How You Remind Me, which enjoys airplay on pop, rock and video stations alike, has allowed Nickelback to move more than four million copies of its third album, Silver Side Up, and sell out a Canadian tour that stops at Winnipeg Arena on Tuesday night.
“We just came up with that magical little song that sticks in everybody’s head,” singer-guitarist Chad Kroeger, 27, says over the phone from Victoria, B.C.
“We’ve smashed every record we ever wanted to smash or even knew existed with this song. But we’re the same people we were last year.”
To chart Nickelback’s meteoric rise from Prairie hoseheads to MTV darlings, you have to go back to the mid-1990s, when Kroeger, his bassist brother Mike, lead guitarist Ryan Peake and Edmonton drummer Ryan Vikedal left Alberta for Vancouver. They formed Nickelback in 1996, taking the name from the change Mike Kroeger had to return to Starbucks customers every time he sold a $1.95 cup of coffee.
A 1997 debut CD, Curb, earned a buzz in Vancouver, where rock radio station CFOX was the first to champion the band.
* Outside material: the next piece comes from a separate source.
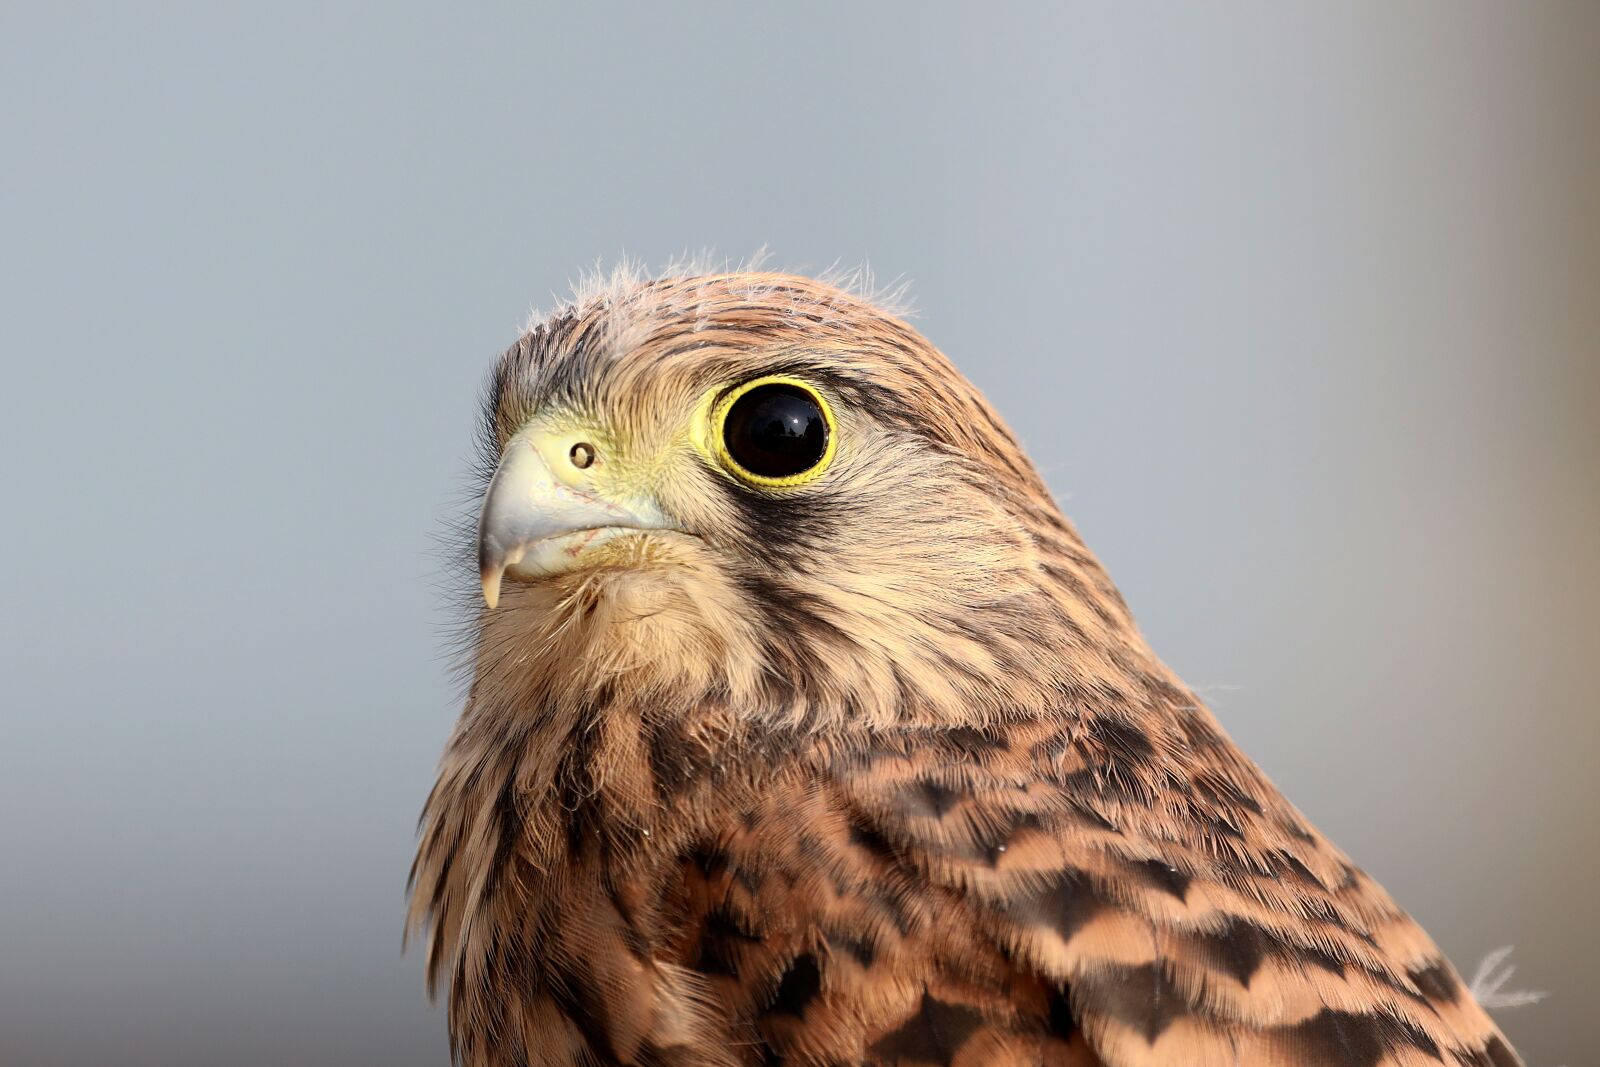 Canon EOS R sample photo. Falcon, young hawk, bird photography

The following year, Winnipeg’s Power 97 FM started spinning a song called Little Friend and Nickelback was off to the races.
“Figuratively speaking, they made a lot of noise for an indie band. They had really strong hooks,” recalls Frank Andrews, Power 97’s music director at the time.
“I heard the track on (former Power DJ) Breno DeLima’s indie show and we added it the next day. In hindsight, it was the obvious thing to do, but there weren’t many rock stations playing independent bands.”
Both CFOX and Power remained on board in 1999 when Nickelback put out The State, giving first single Leader Of Men the sort of airplay normally enjoyed only by heavyweight major-label acts. The initial, 5,000-copy run of The State quickly sold out, giving EMI Music Canada a good reason to sign the Alberta boys.
But outside of Western Canada, Nickelback remained a tough sell. Newspaper critics dismissed the quartet as a backward-looking, third-generation grunge band, while Canadian radio programmers simply couldn’t have cared less.
That all changed when Leader Of Men became a hit in the U.S. and Nickelback went on tour with the likes of Creed, Sevendust and 3 Doors Down. Suddenly, Nickelback became the Canadian band everybody wanted to own.
“We had (radio) people who weren’t interested in the band all of a sudden go, ‘Oh, you guys just went Top 10 in America? There’s some validity. We’ll play you.’ It was absolutely pathetic,” says Kroeger, who has yet to mellow in the face of six-figure royalties.
“They needed not only other Canadian program directors, but American program directors to do it first. To me, that’s a sure-fire indicator these people don’t have a clue and don’t deserve their jobs.”
By the time Silver Side Up arrived in record stores — on Sept. 11, 2001, of all horrific release dates — Nickelback had a continent-wide following. The disc sold almost 200,000 copies worldwide within its first week, despite mass consumer panic over the terrorist attacks on the U.S.
Today, as that tally nears four million, the Albertans are playing sold-out arena shows across Western Canada, following in the footsteps of their teenage heroes, Metallica.
Nickelback has become the latest in a long line of no-nonsense, blue-collar acts from out-of-the-way Canadian places to achieve rock stardom — a lineage that began with The Guess Who in the ’60s, continued into the ’70s with B.T.O. and was revived by The Tragically Hip in the late ’80s and early ’90s.
Chad Kroeger likes the idea of carrying the torch for blue-collar guitar rock, largely because he still considers himself an ordinary guy from small-town Alberta.
Sure, he’s learning to deal with autograph-seekers interrupting his lunches and suddenly having enough money to consider charity projects on the scale of water purification systems for villages in South Africa.
But most of all, he’s thrilled to make the folks in Hanna, Home Of Nickelback, proud.
“It’s kind of funny, because some of the people who want to erect the sign are probably some of the same people who wanted to run me out of town five years ago. I was a bad kid.
“I’m sure there are several people in that town who find this very amusing.”
Nickelback plays Winnipeg Arena on Tuesday, Jan. 29, with Default. The concert is sold out.